“And For This Cause …”

“… we also thank God without ceasing, that when you received from us the word of the message, even the word of God, ye accepted it not as the word of man, but, as it is in truth, the word of God, which also worketh in you that believe” (1 Thess. 2:13).

Bear in mind that Paul was ever conscious that the Spirit moved him in the things he spoke and wrote. There is scarcely a letter from his pen which does not make such a claim for itself. To the Galatians he said that the gospel he preached among them came by revelation of God and that if someone preached a different gospel from it, he would be damned (Gal. 1:11ff). He further warned the Galatians that their turning away from the message he revealed to them was to turn away from the truth (Gal. 5:7). When Paul wrote the Corinthians, he said, “If any man thinketh himself to be a prophet, or spiritual, let him take knowledge of the things which I write unto you that they are the commandment of the Lord” (1 Cor. 14:37). The Ephesians were reminded “how that by revelation, was made known unto me the mystery, as I wrote before in few words, whereby, when ye read, ye can perceive my understanding in the mystery of Christ, which in other generations was not made known unto the sons of men as it hath now been revealed unto his holy apostles and prophets in the Holy Spirit …” (Eph. 3:2-5). Surely all are familiar with his words to Timothy: “All scripture is given by the inspiration of God and is profitable for teaching, for reproof, for correction, for instruction which is in righteousness: that the man of God may be complete, furnished completely unto every good work” (2 Tim. 3:16f).

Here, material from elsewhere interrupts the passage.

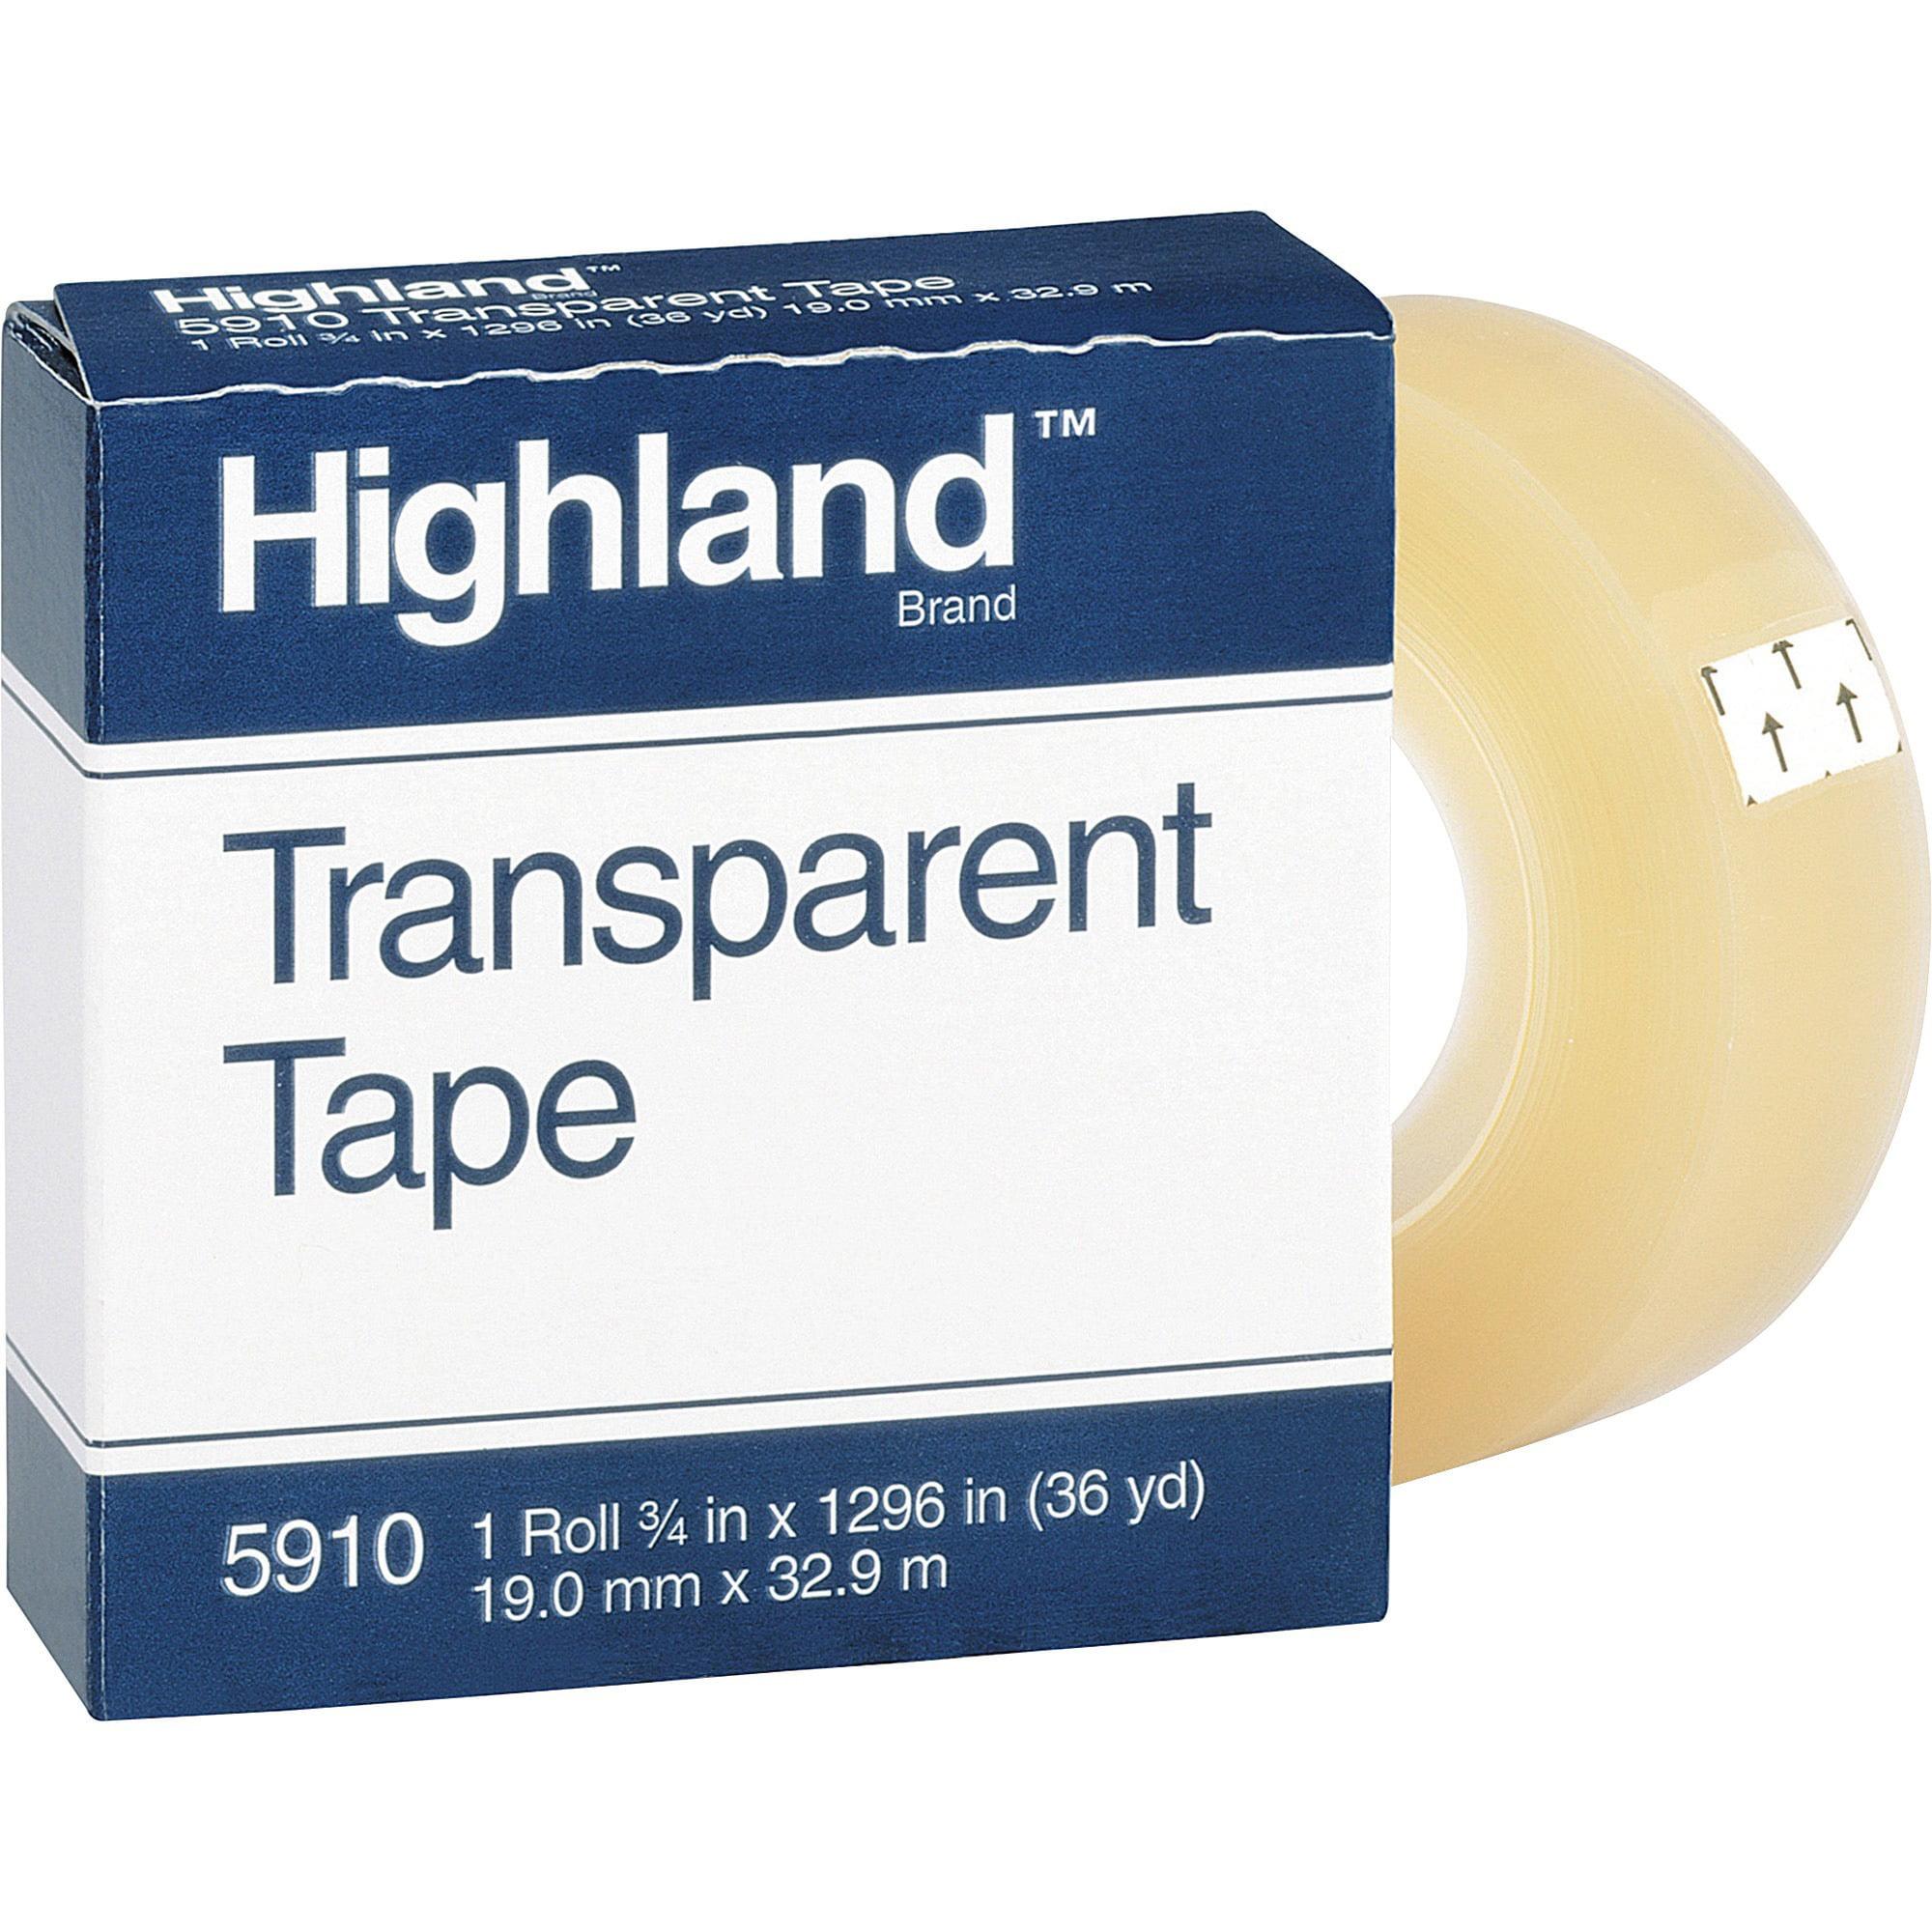 Highland, MMM5910341296, Transparent Light-duty Tape, 1 Roll, Clear

The Thessalonians received Paul’s message to them as God’s word. There were consequences to face because they did; some of them severe and ongoing. There were persecutions and afflictions inflicted on them from their own countrymen (2 Thess. 1:4; 2 Thess. 2:14). And, if like others in Macedonia, they were poor, in deep poverty (2 Cor. 8:1f). Yet, affliction and poverty did not rob them of either joy or hope. It is not likely that any other epistle of Paul speaks so frequently of Christ’s second coming. In all five chapters of 1 Thessalonians, Christ’s second coming is mentioned. True, they had some misconceptions about it (apparently having the notion that only those alive when Christ did come would share in the blessings of His coming, 1 Thess. 4:13-15), but they believed in that happy event and anxiously awaited it. Of course the message of a happy reception by Christ at His coming depended upon their submission to His gospel.

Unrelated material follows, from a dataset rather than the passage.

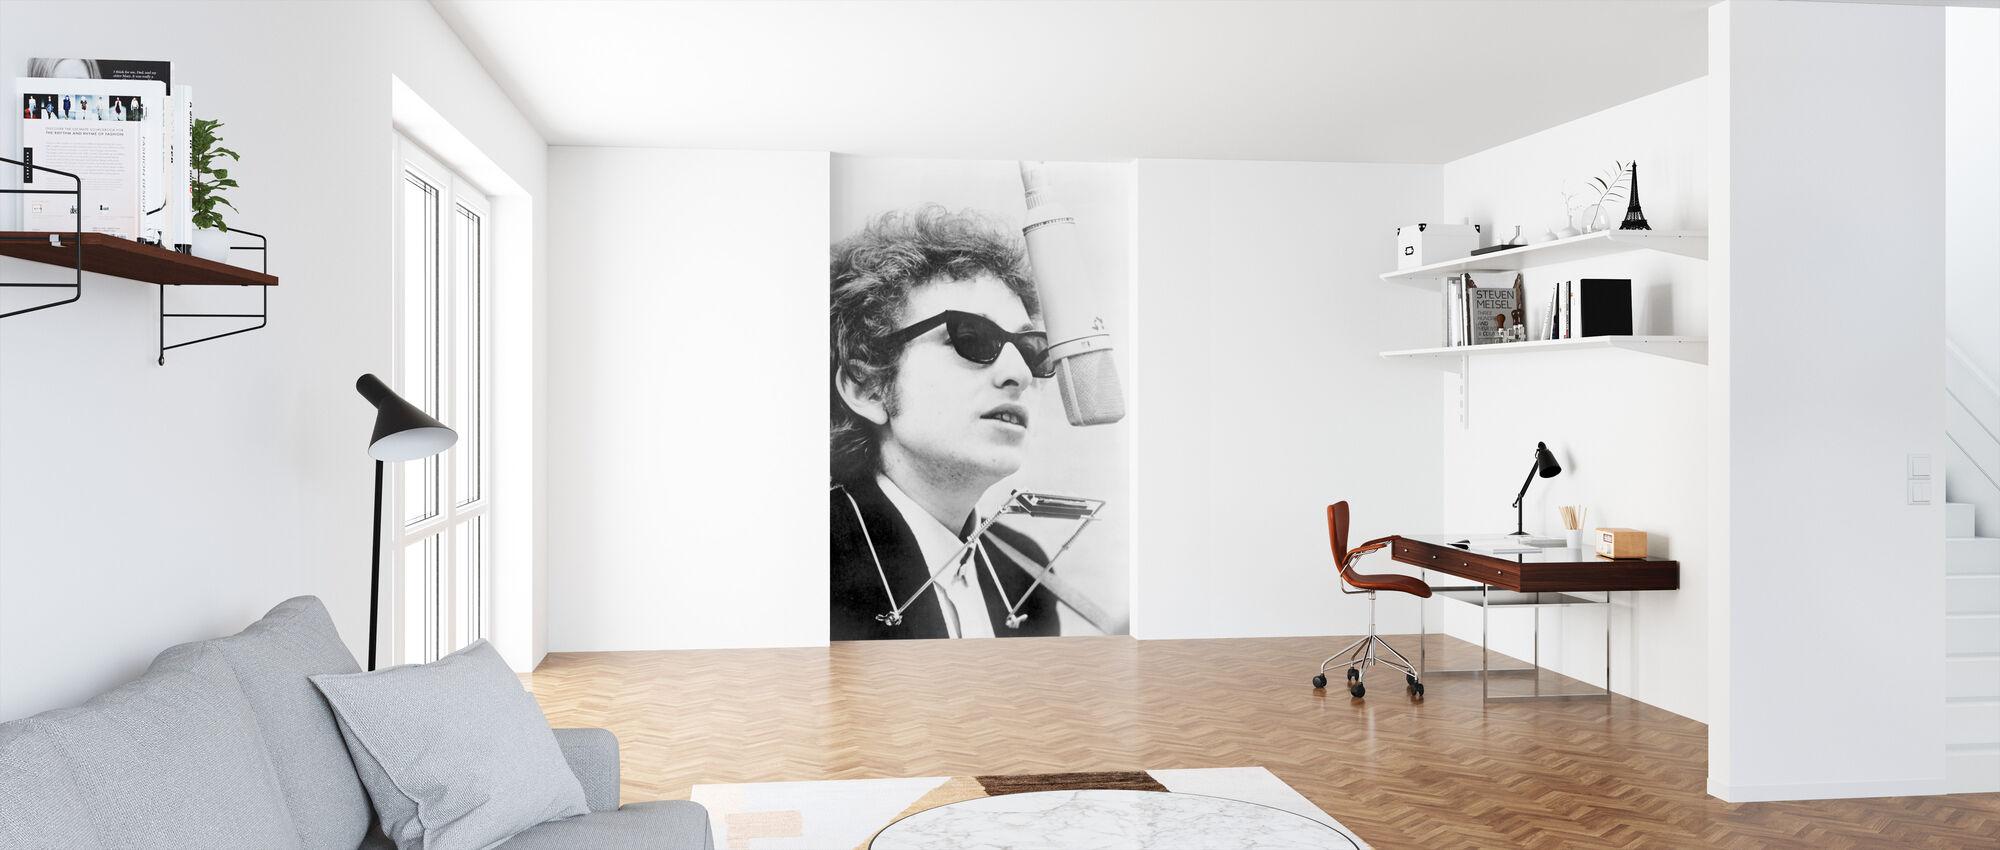 Blind Boy Grunt - Wallpaper - Office

Having expressed the gladness that they had received his message to them as a message from God Himself, Paul added, “which also worketh in them that believe.” There is power in God’s word. The Hebrew writer said, “The word of God is quick and powerful and sharper than any two-edged sword” (Heb. 4:12). The word also is seed: the means by which we are begotten. Peter said, “Having been begotten again, not of corruptible seed but of incorruptible, by the word of God which liveth and abideth forever” (1 Pet. 1:23). In the parable of the sower with its four soils into which that seed was cast, Jesus explained, “Now the parable is this, the seed is the word of God” (Lk. 8:11). James said, “Of his own will he begat us by the word of truth” (James 1:18).

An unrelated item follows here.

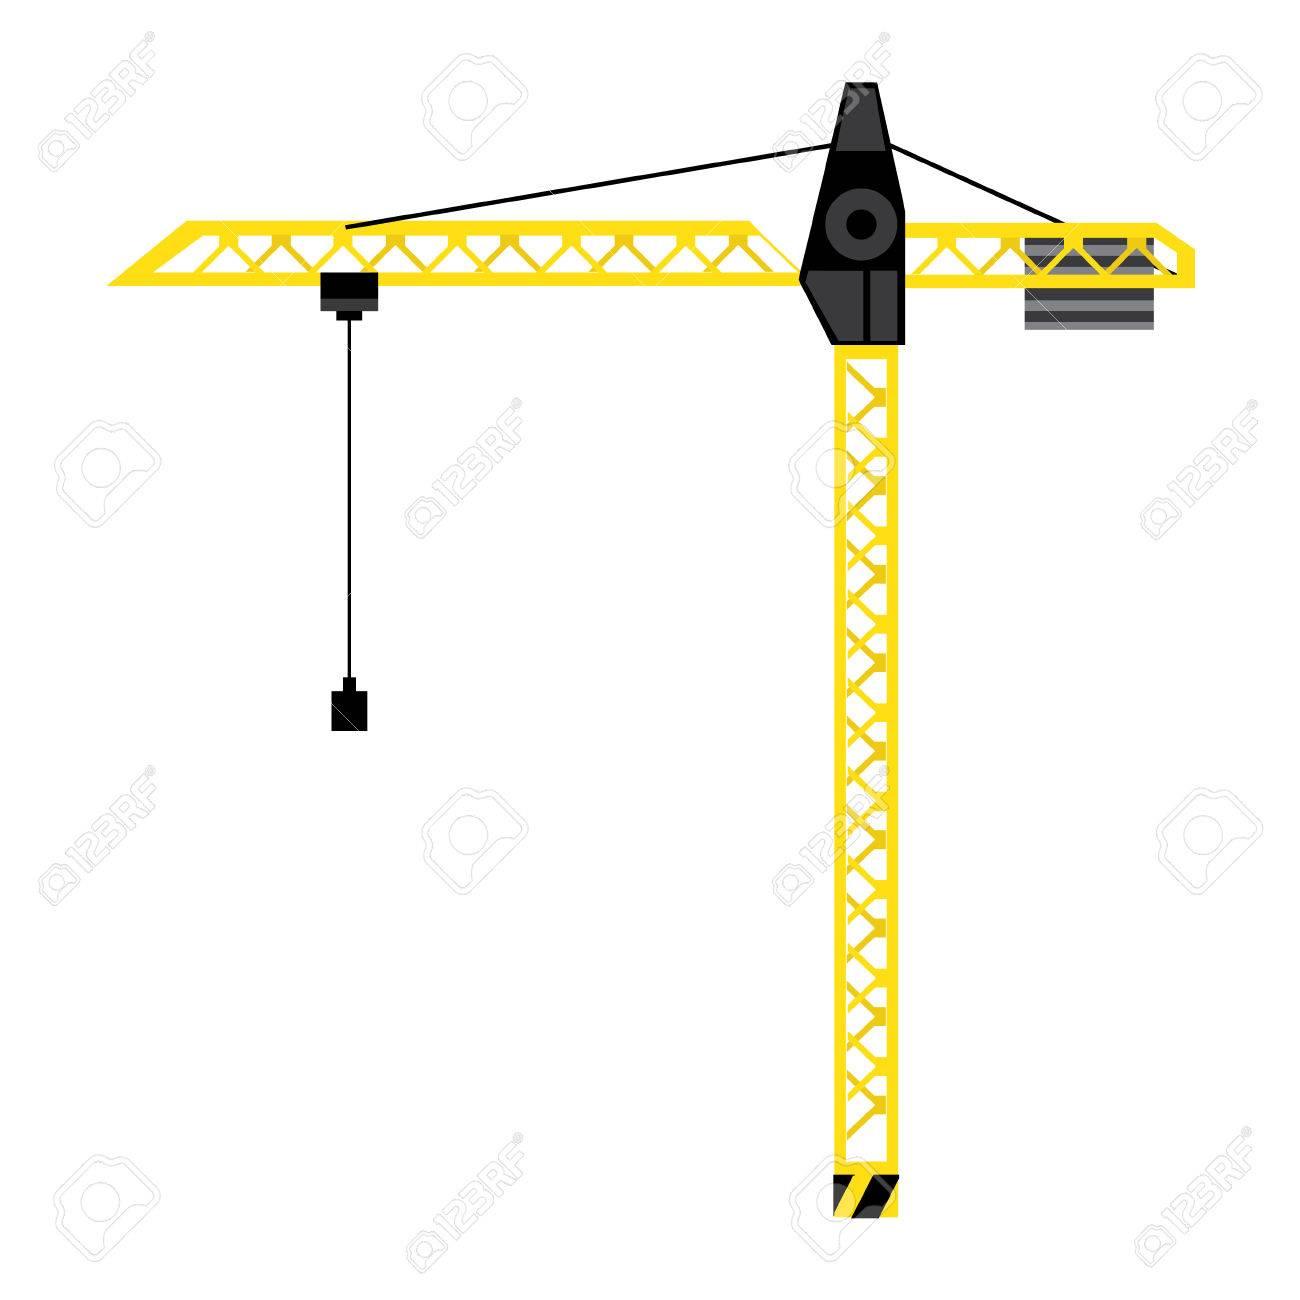 Vector illustration yellow construction crane tower  Crane flat

When Paul extolled the mercies of God as he was concluding the second section of his Roman letter (11:30-32), he entered the third (and last) division of his book with an appeal to those extended mercies that Romans present their bodies a living sacrifice to God (Rom. 12:1). They were to be transformed (not conformed) to this world which was effected by the renewing of their minds. When Paul wrote the young preacher Titus, he spoke of God’s kindness having appeared “not by works done in righteousness which we did ourselves, but according to his mercy he saved us through the washing of regeneration and renewing of the Holy Spirit” (Titus 3:5). The renewing of the Holy Spirit refers not to the Holy Spirit being renewed, but to the renewing (working) the Holy Spirit works. This “renewing” is in our minds, heart, and is not something done directly in our heart by the Holy Spirit, but rather through the Spirit’s sword, the word of God (Eph. 6:17).

The word had “worked” in Thessalonians, at least in those who believed. It wrought changes in their lives, goals, loves, and masters. It continued to transform them, helping fit them for a heavenly home. But they had to let it work in them. So must we also.